Task statement
All of the lines below should be copied word for word.
** Opening Task inputs block **
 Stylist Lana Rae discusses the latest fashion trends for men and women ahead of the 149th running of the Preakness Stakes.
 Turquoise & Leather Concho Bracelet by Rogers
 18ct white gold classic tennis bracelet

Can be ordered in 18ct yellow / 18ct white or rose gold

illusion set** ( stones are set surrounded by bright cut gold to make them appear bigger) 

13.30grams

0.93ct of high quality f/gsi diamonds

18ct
** Closing Task inputs block **
Solution for this exercise
 Stylist Lana Rae discusses the latest fashion trends for men and women ahead of the 149th running of the Preakness Stakes.
 Turquoise & Leather Concho Bracelet by Rogers
 18ct white gold classic tennis bracelet

Can be ordered in 18ct yellow / 18ct white or rose gold

illusion set** ( stones are set surrounded by bright cut gold to make them appear bigger) 

13.30grams

0.93ct of high quality f/gsi diamonds

18ct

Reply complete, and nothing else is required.